EXERCISE. Write out, word for word and with no pictures, each line below from the one containing "Na foto, artista" through the one containing "Mattel® Spielfigur Jurassic", both included, and no other line.

GIVEN RECORDS.
Segment Open
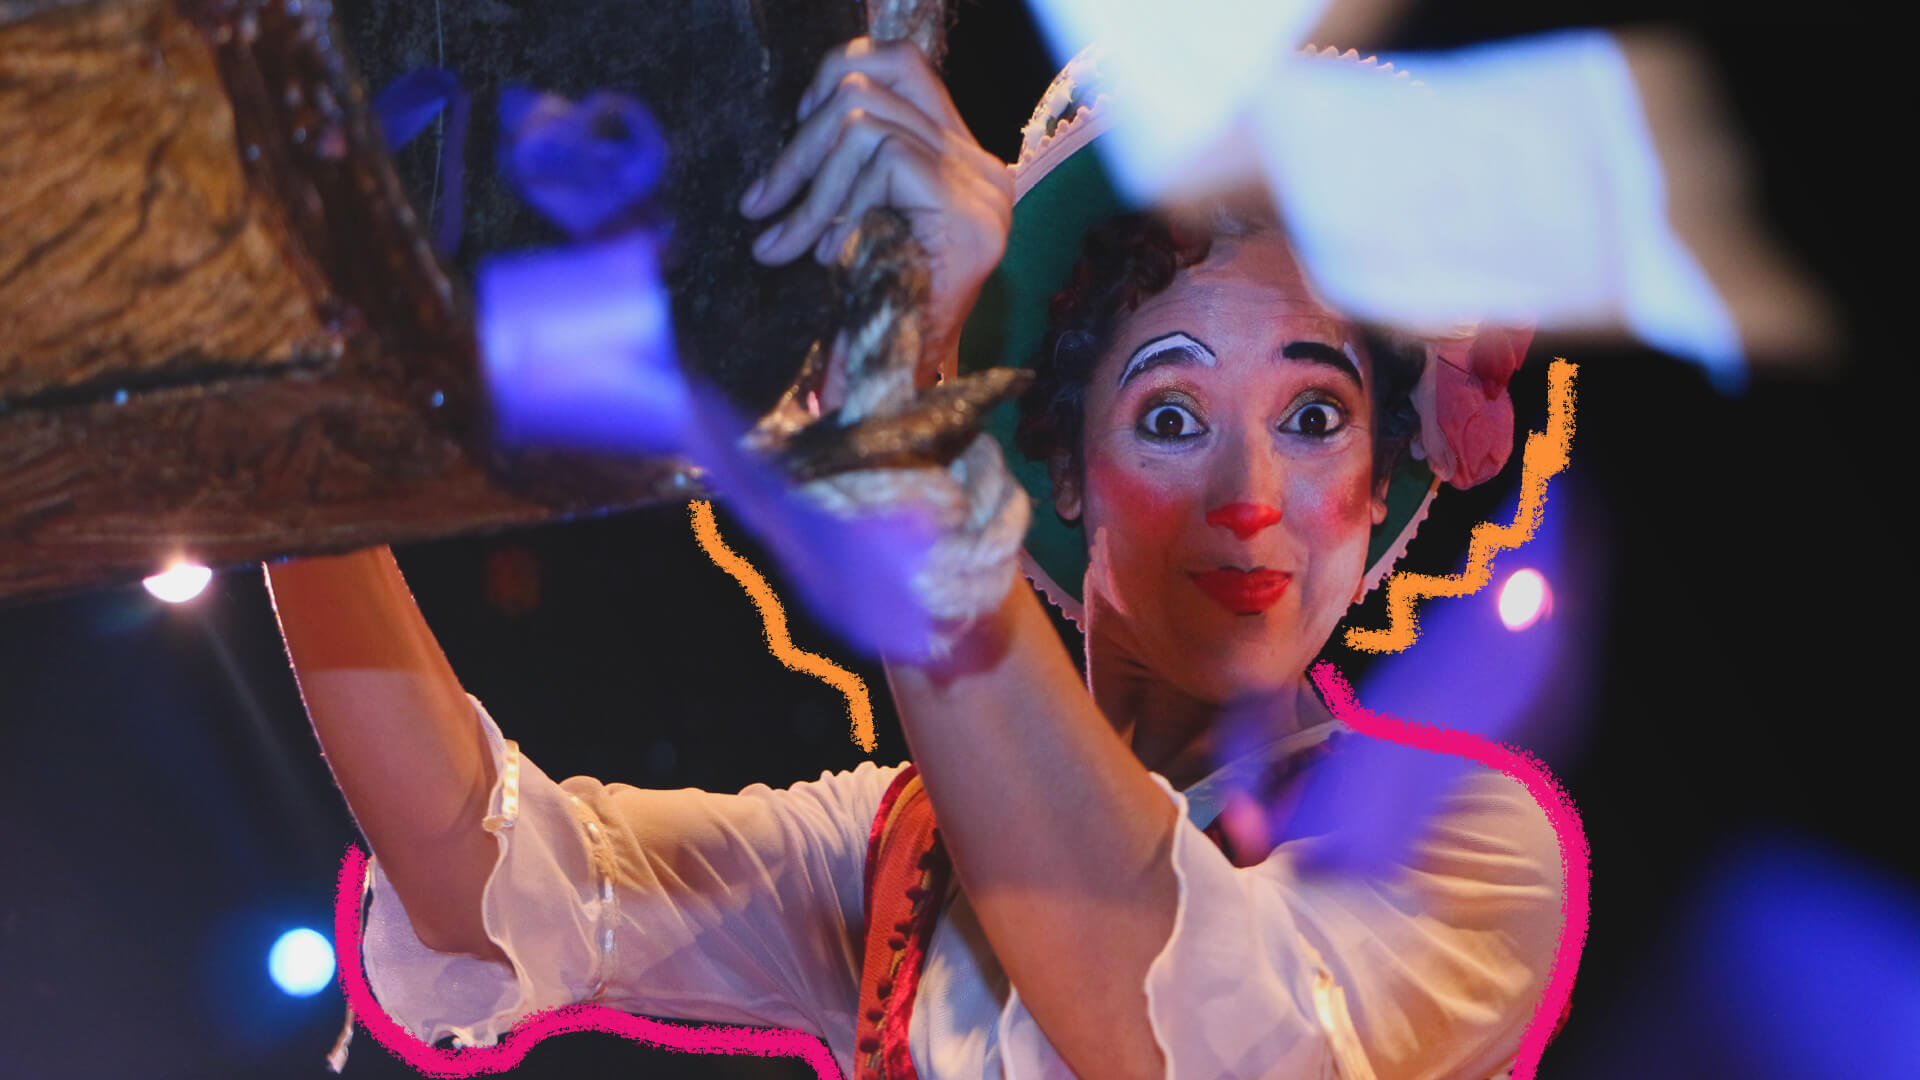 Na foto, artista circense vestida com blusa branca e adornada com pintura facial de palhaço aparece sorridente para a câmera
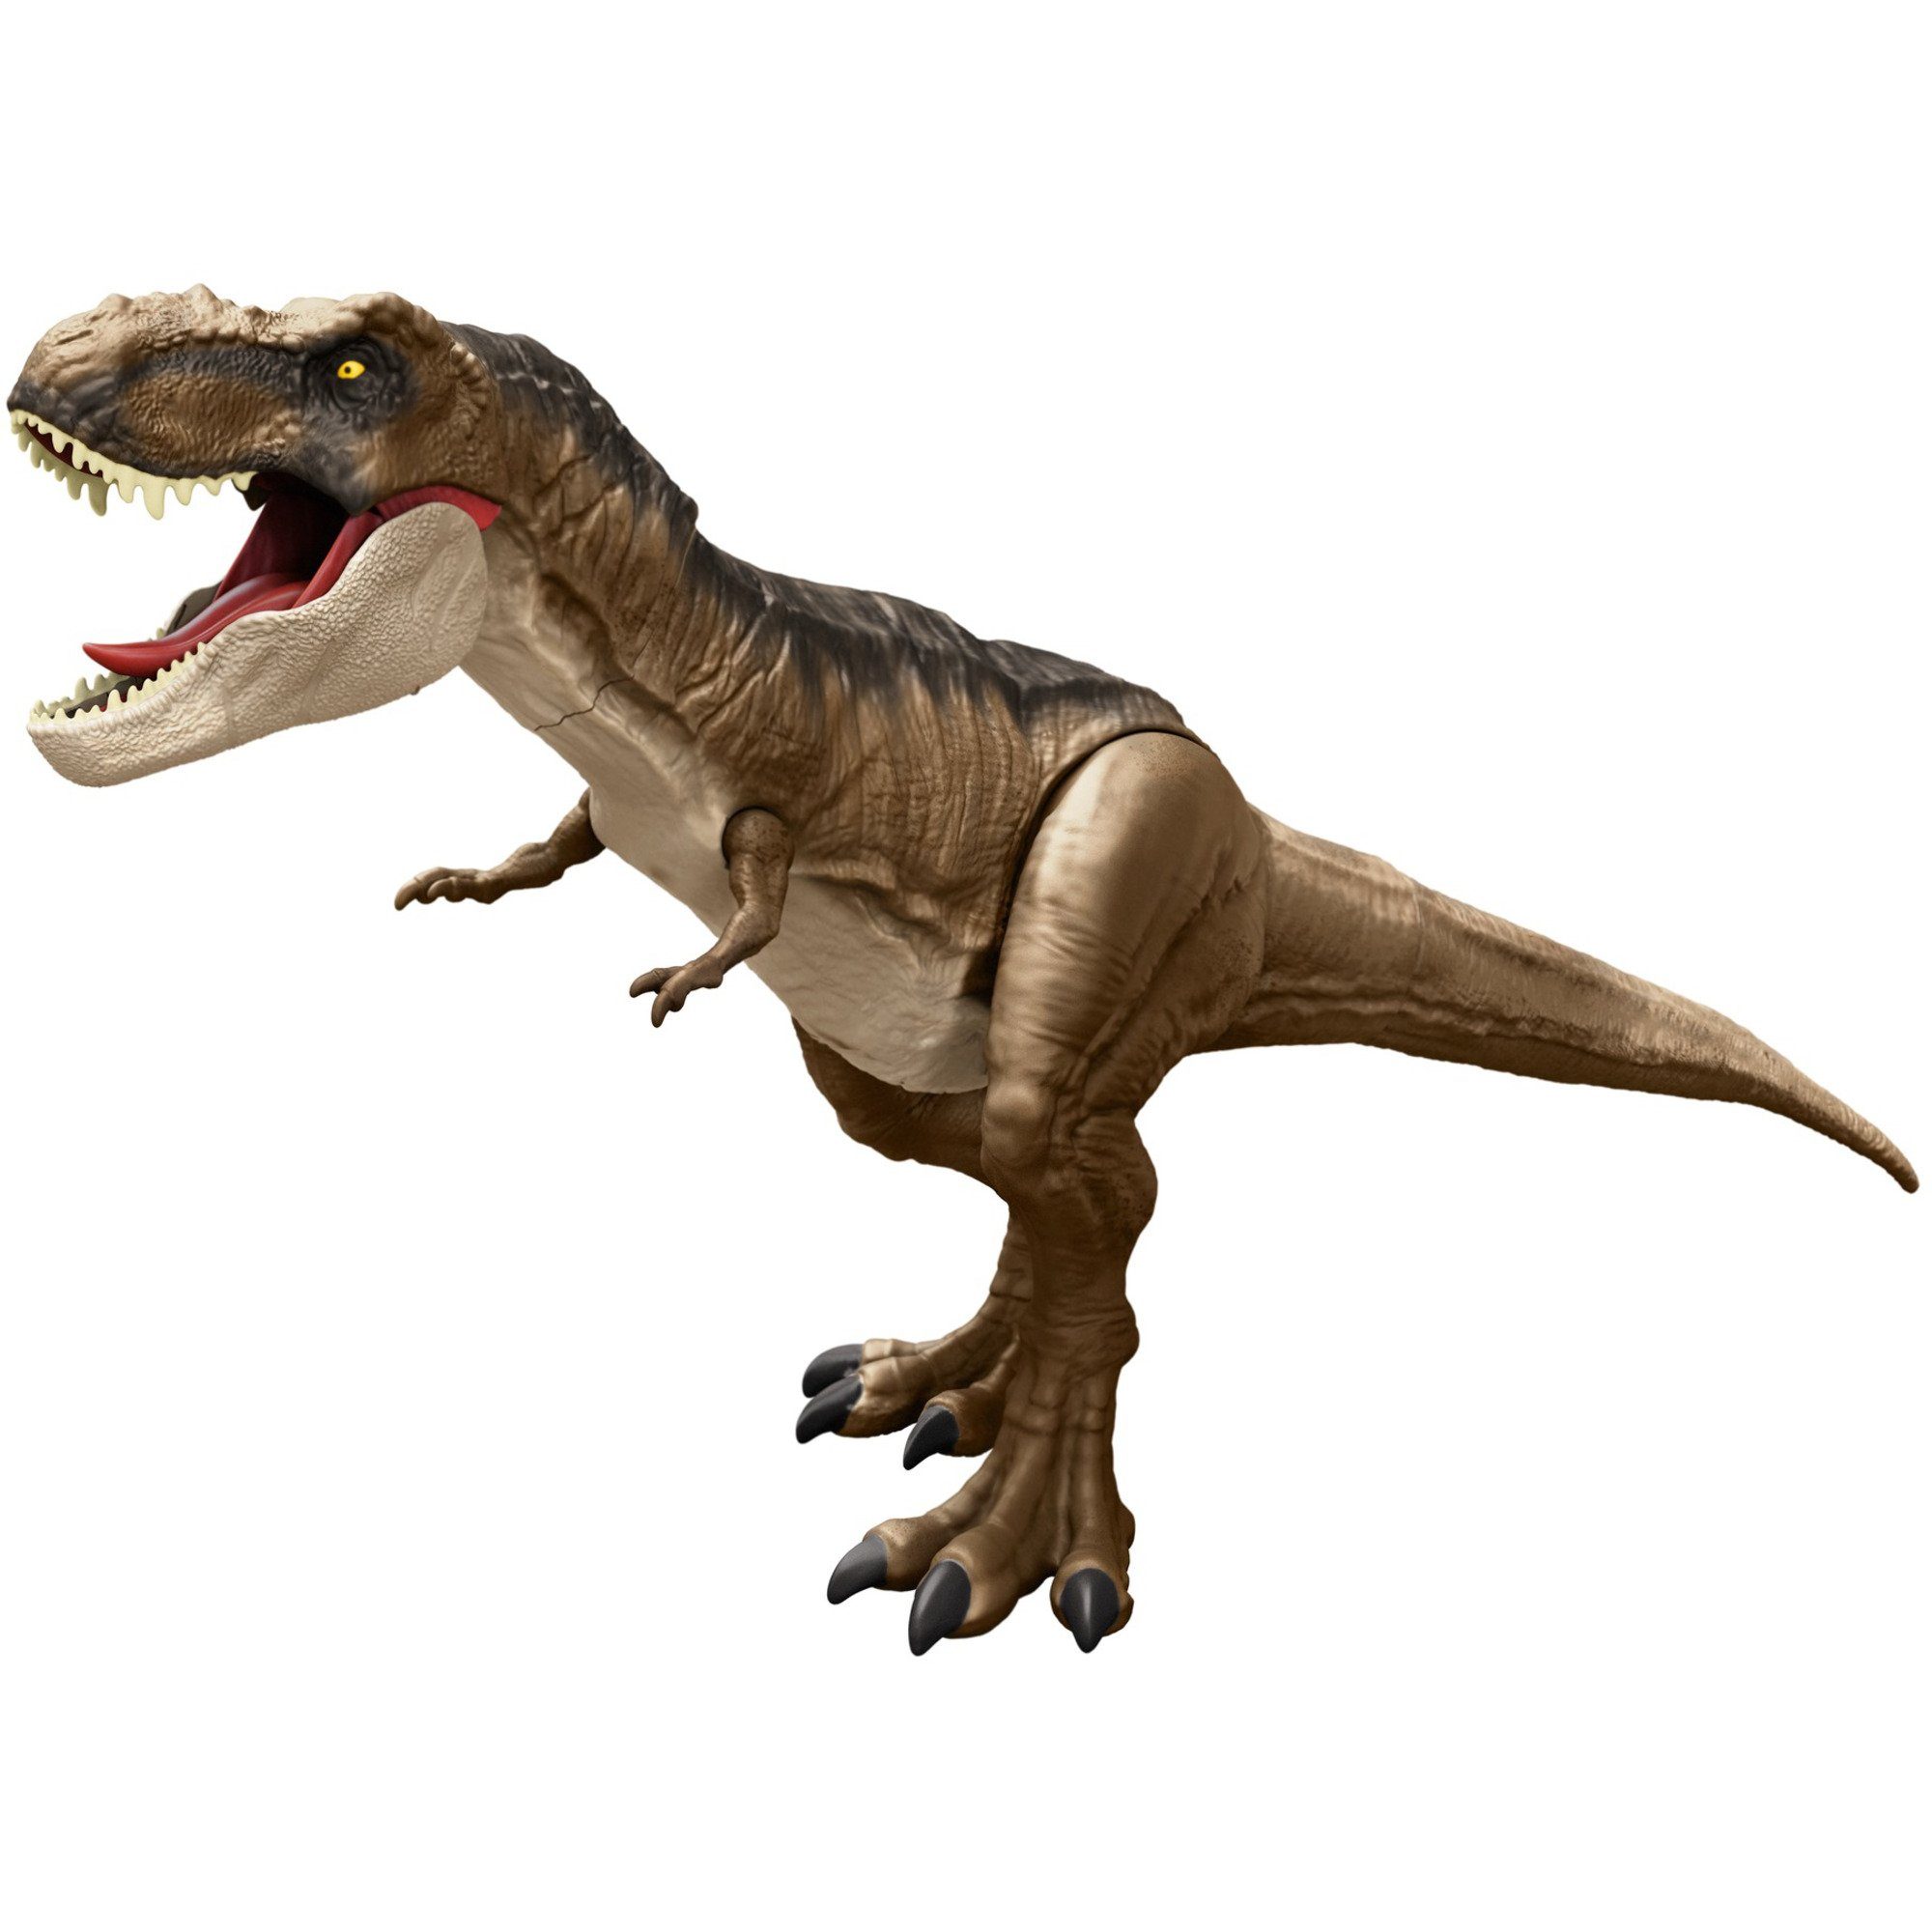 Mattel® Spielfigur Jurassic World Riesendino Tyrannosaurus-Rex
Segment Closed
Segment Open
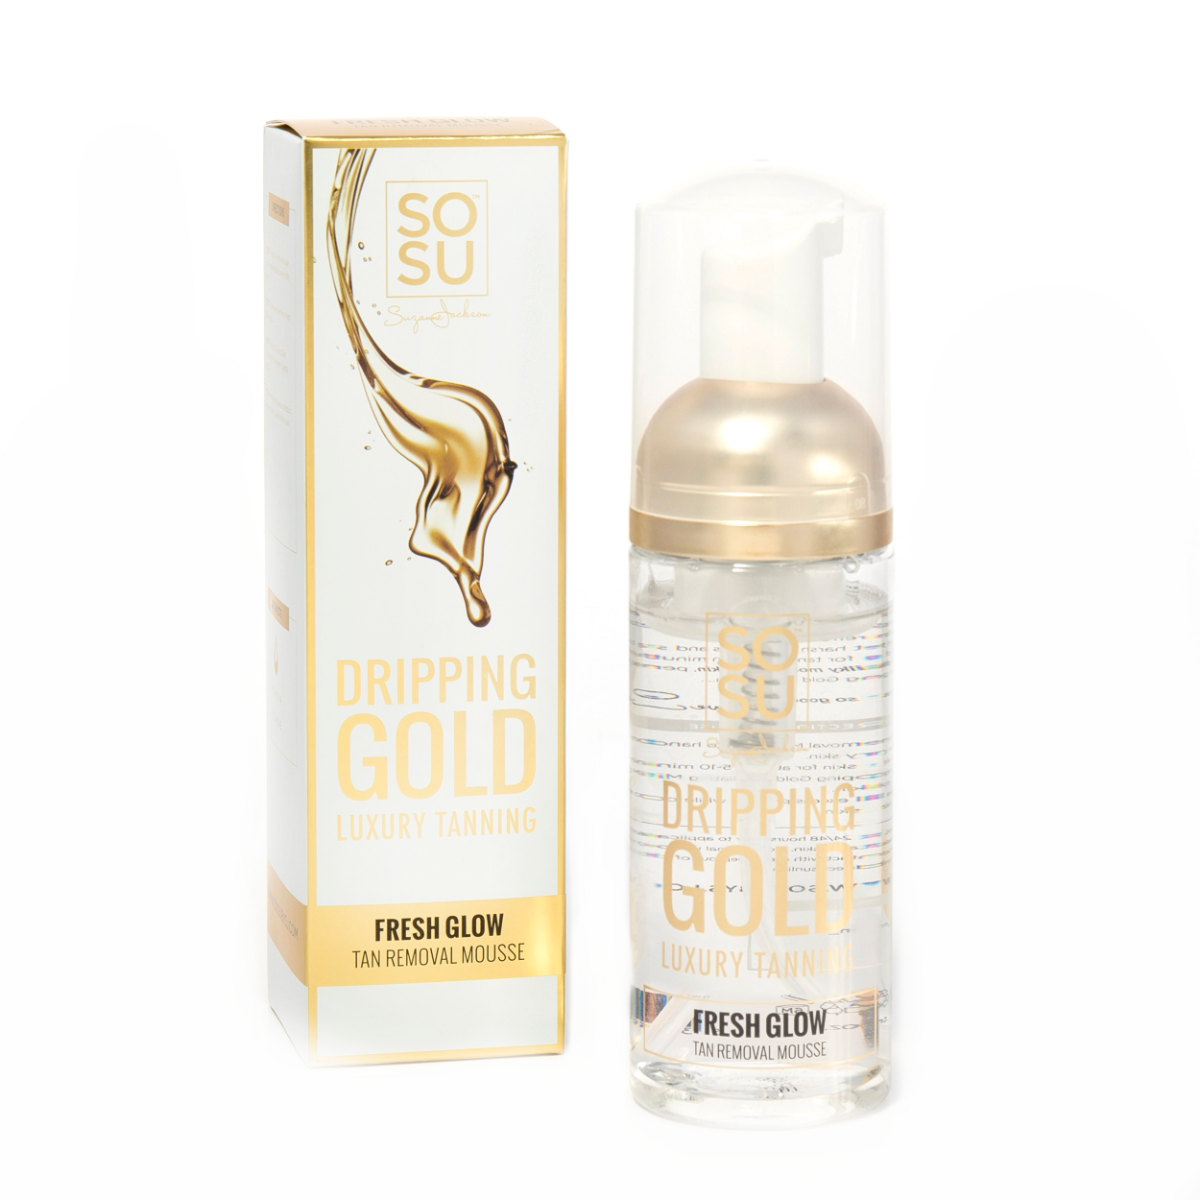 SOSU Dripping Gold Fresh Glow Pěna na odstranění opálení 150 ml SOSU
Segment Closed
ANSWER TO THE PROBLEM.
 Na foto, artista circense vestida com blusa branca e adornada com pintura facial de palhaço aparece sorridente para a câmera
 Mattel® Spielfigur Jurassic World Riesendino Tyrannosaurus-Rex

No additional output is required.